-- WHAT TO PRODUCE --
Pictures stay out of the copy; output exactly the lines from the one containing "Żeby kupić sobie" through the end of the material.

-- DATA SECTION --
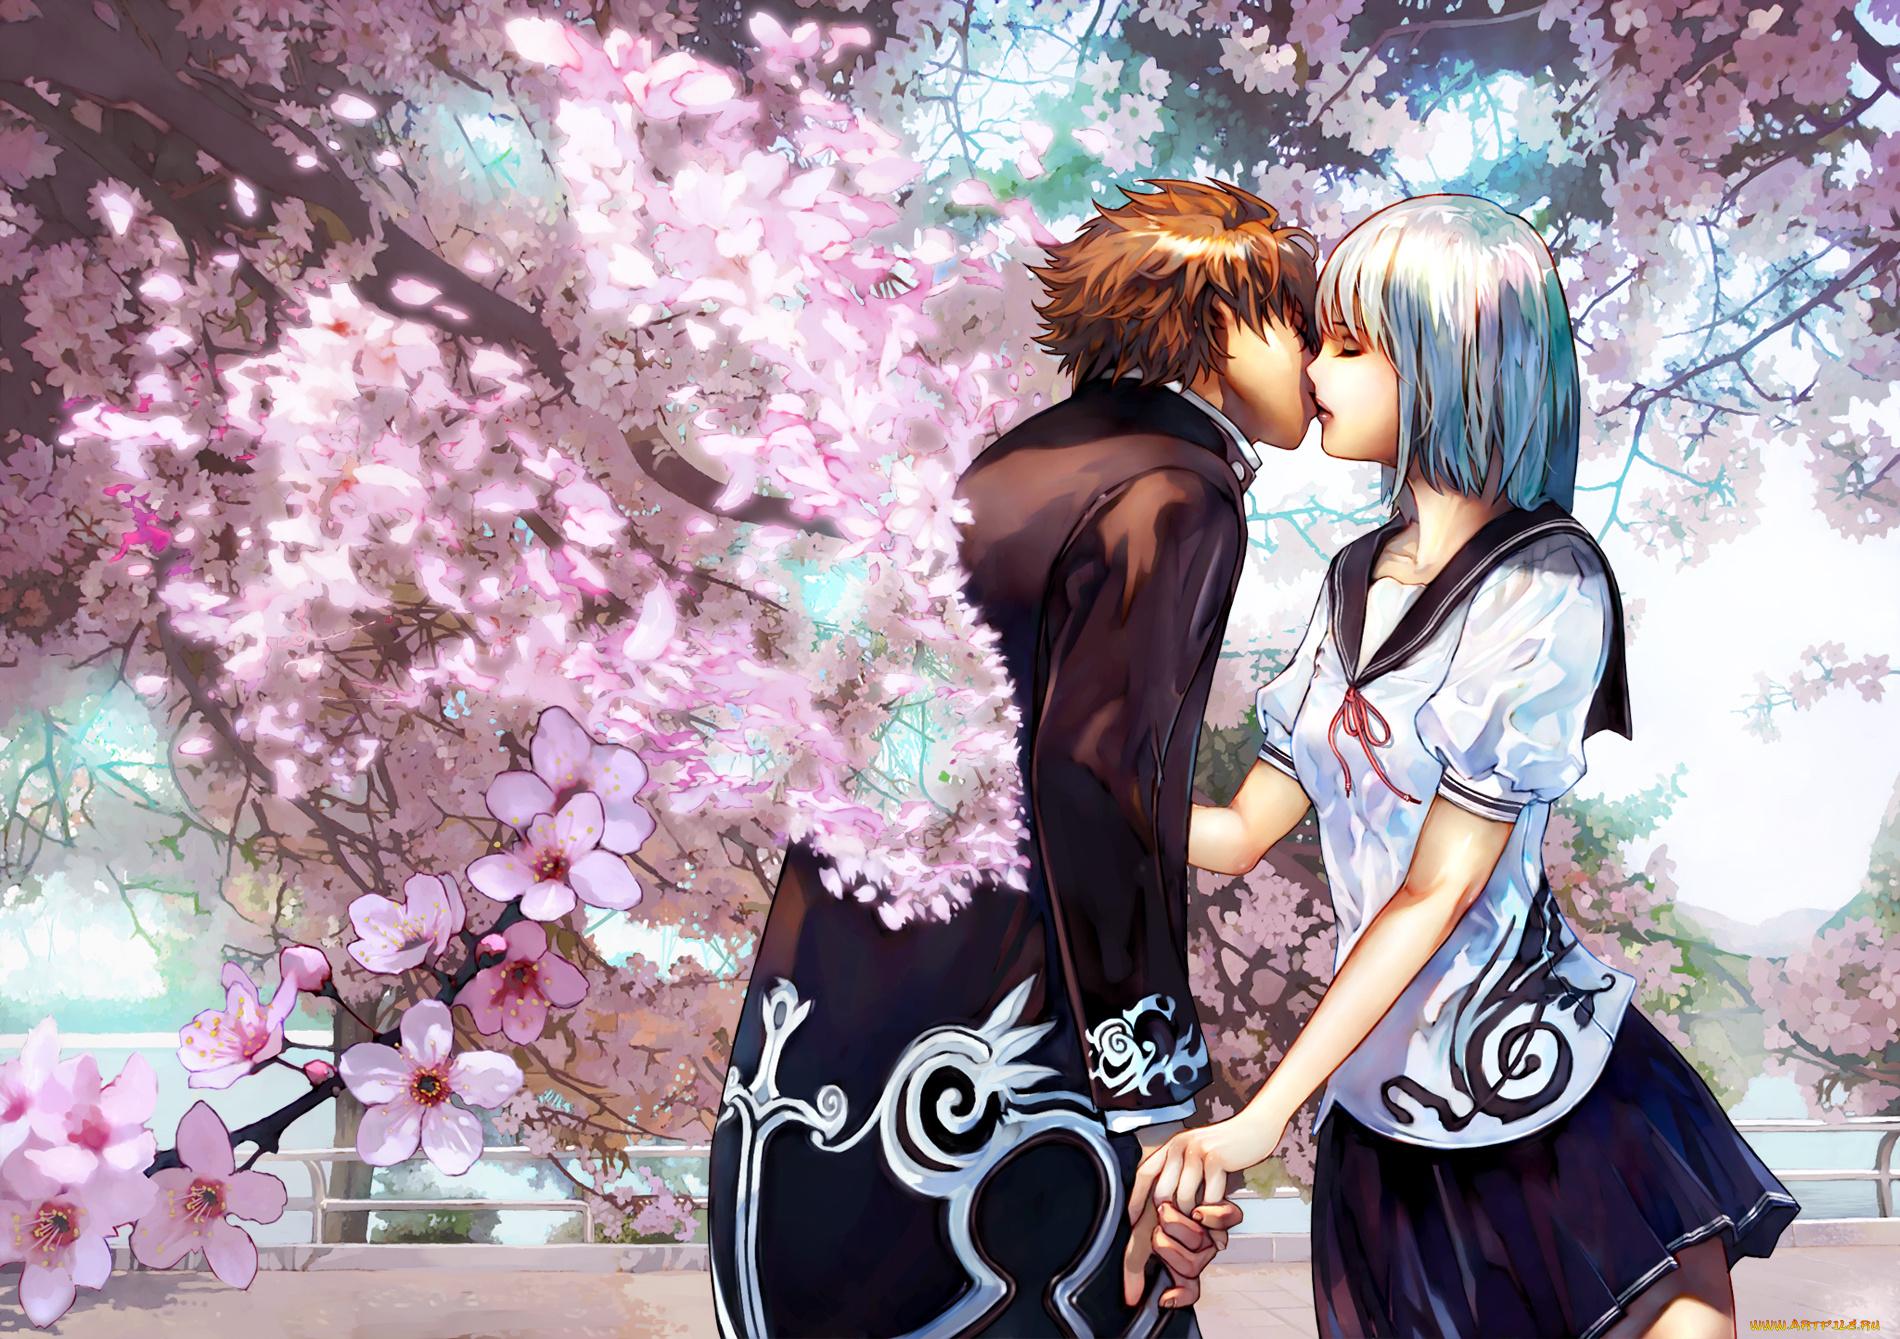 Открытка, картинки прикольные с аниме с поцелуями
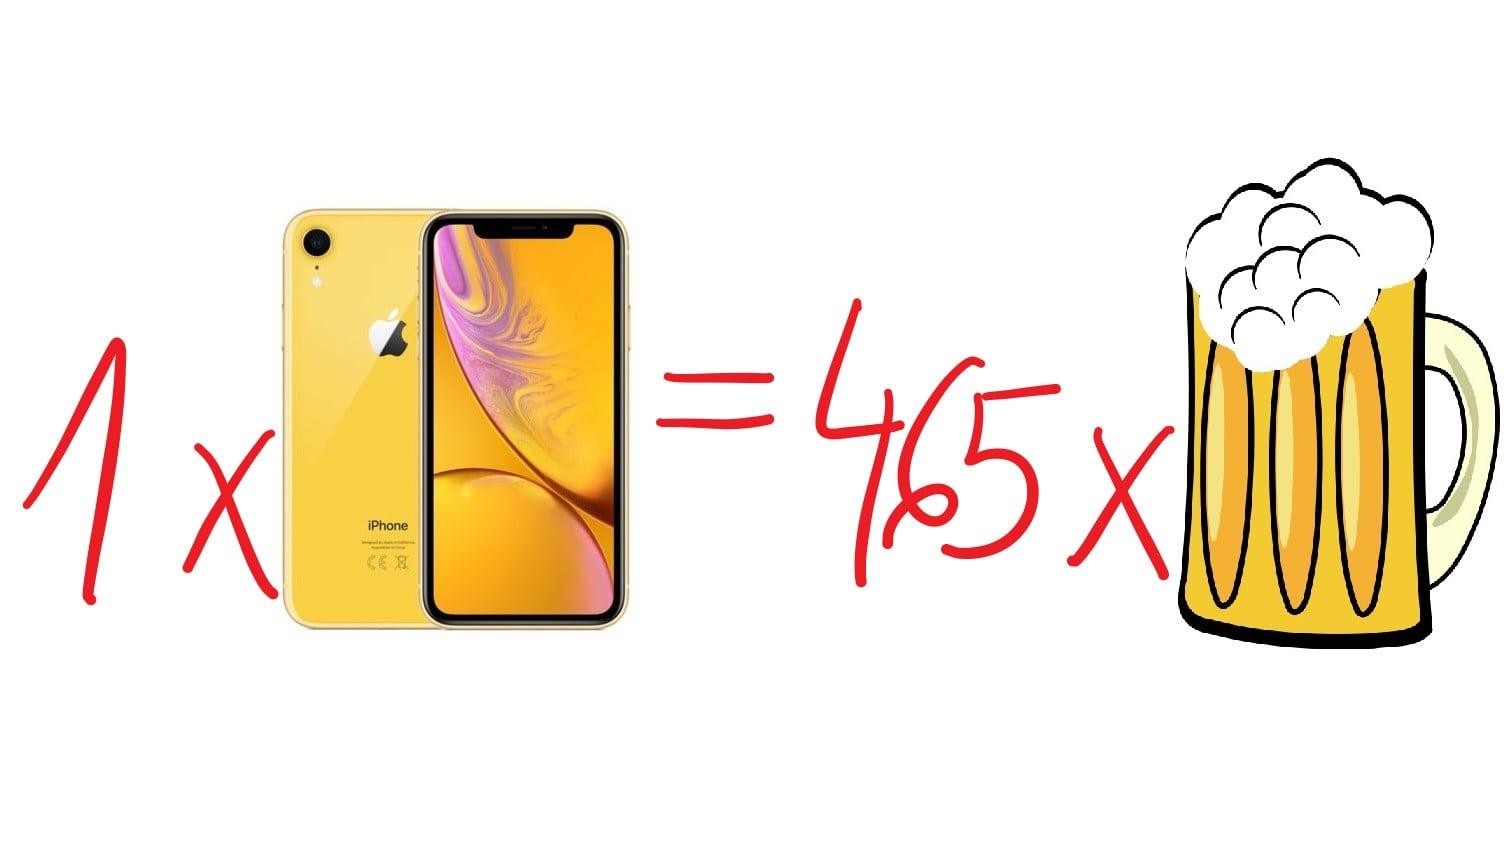 Żeby kupić sobie iPhone'a XR, przeciętnie zarabiający Polak musi poświęcić 24 dni pracy. To jakieś 465 piw 23
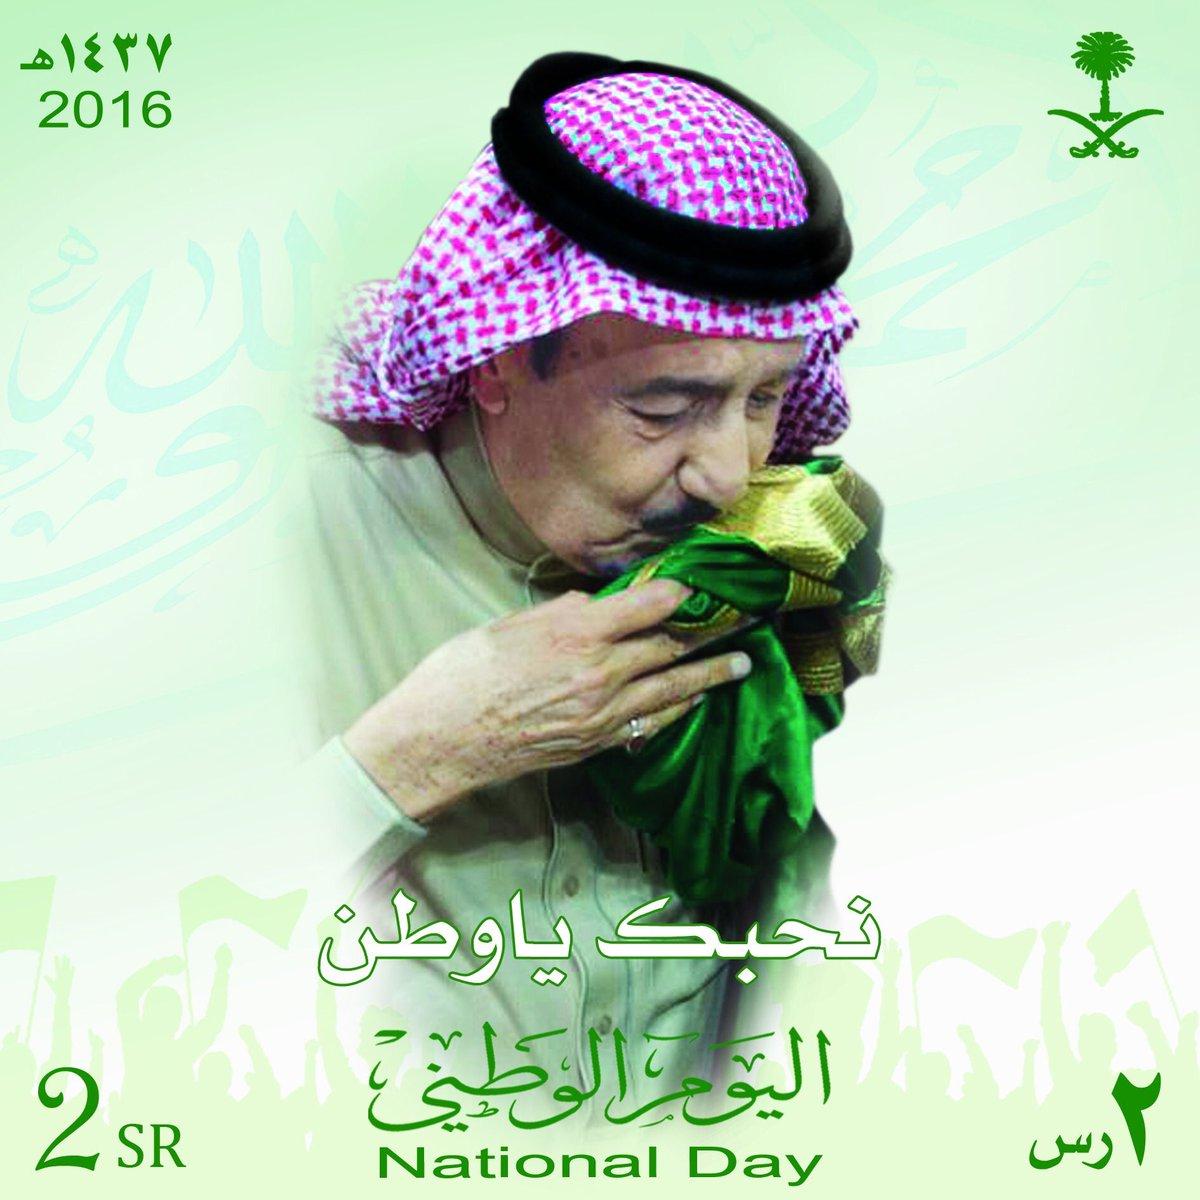 اليوم الوطني المملكه العربيه السعوديه
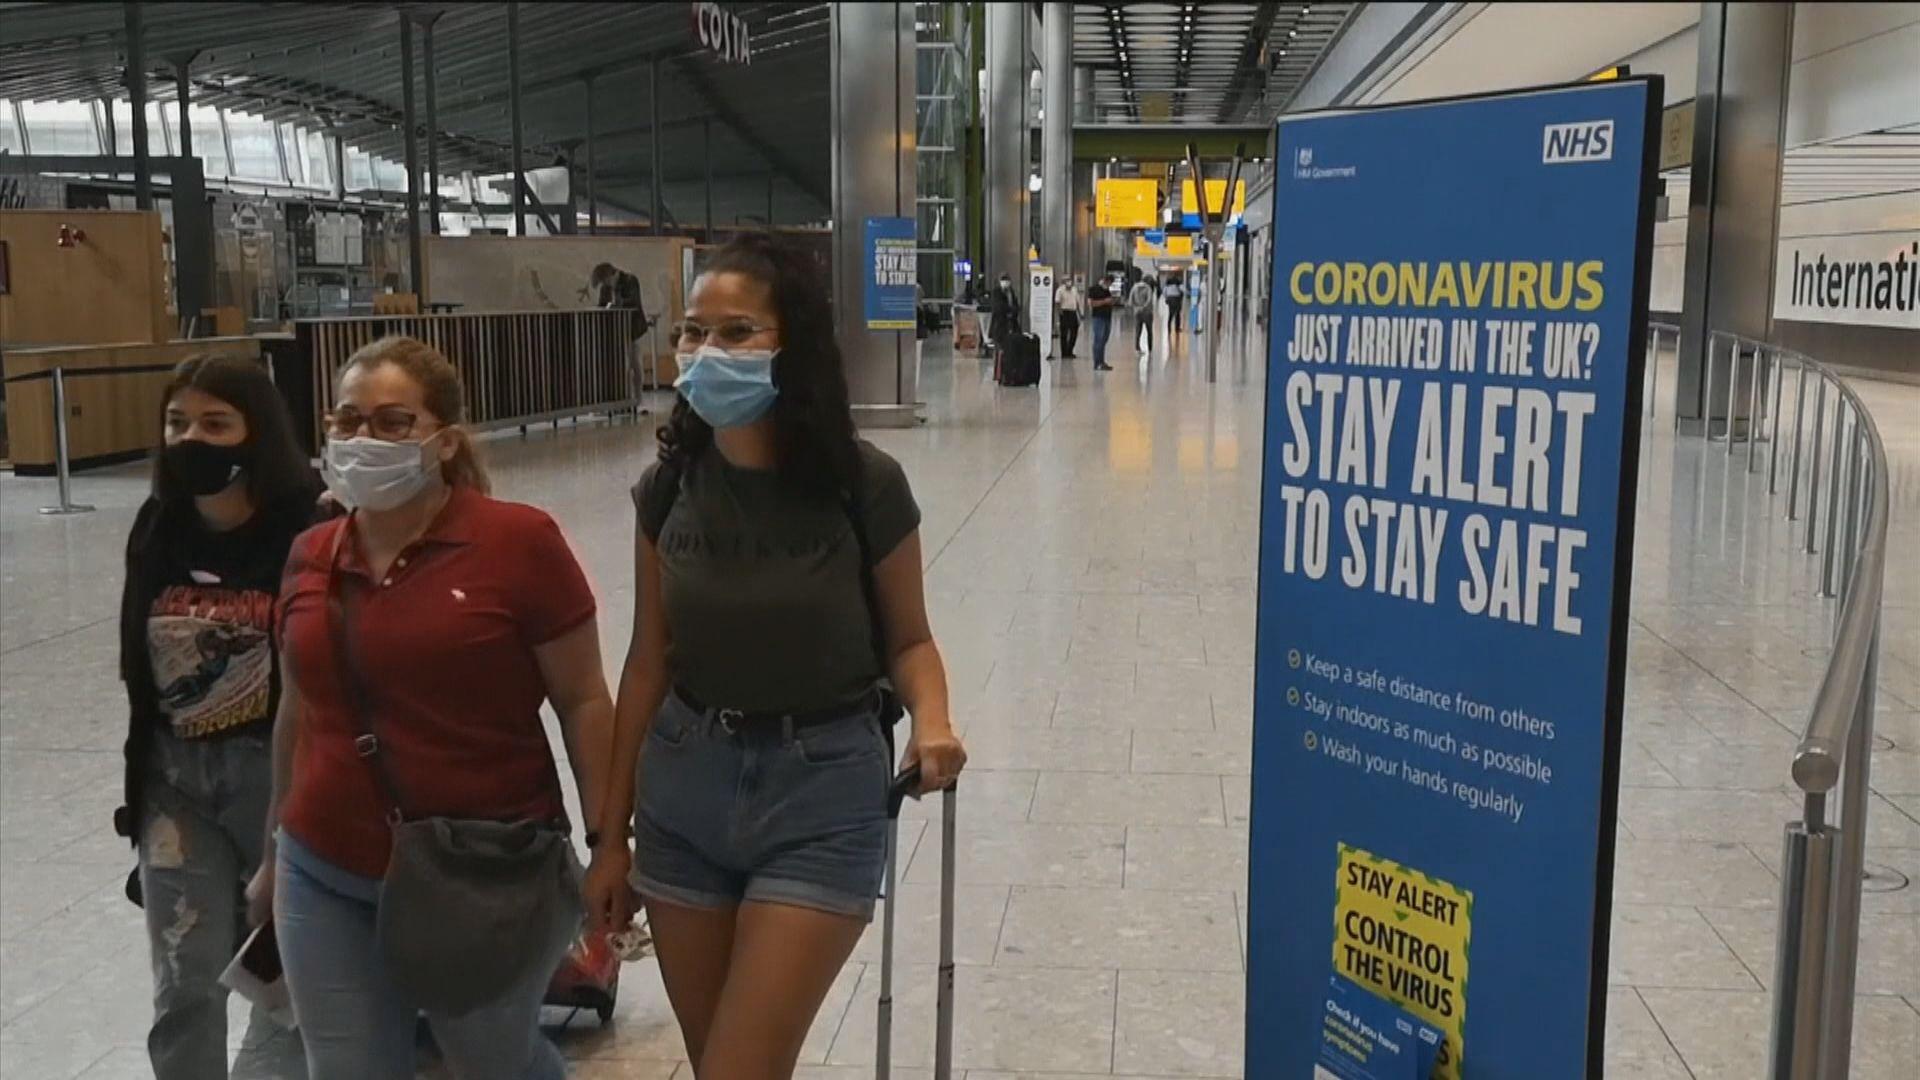 荷蘭禁止英國載客航班入境

-- EXERCISE ANSWER --
 Żeby kupić sobie iPhone'a XR, przeciętnie zarabiający Polak musi poświęcić 24 dni pracy. To jakieś 465 piw 23
 اليوم الوطني المملكه العربيه السعوديه
 荷蘭禁止英國載客航班入境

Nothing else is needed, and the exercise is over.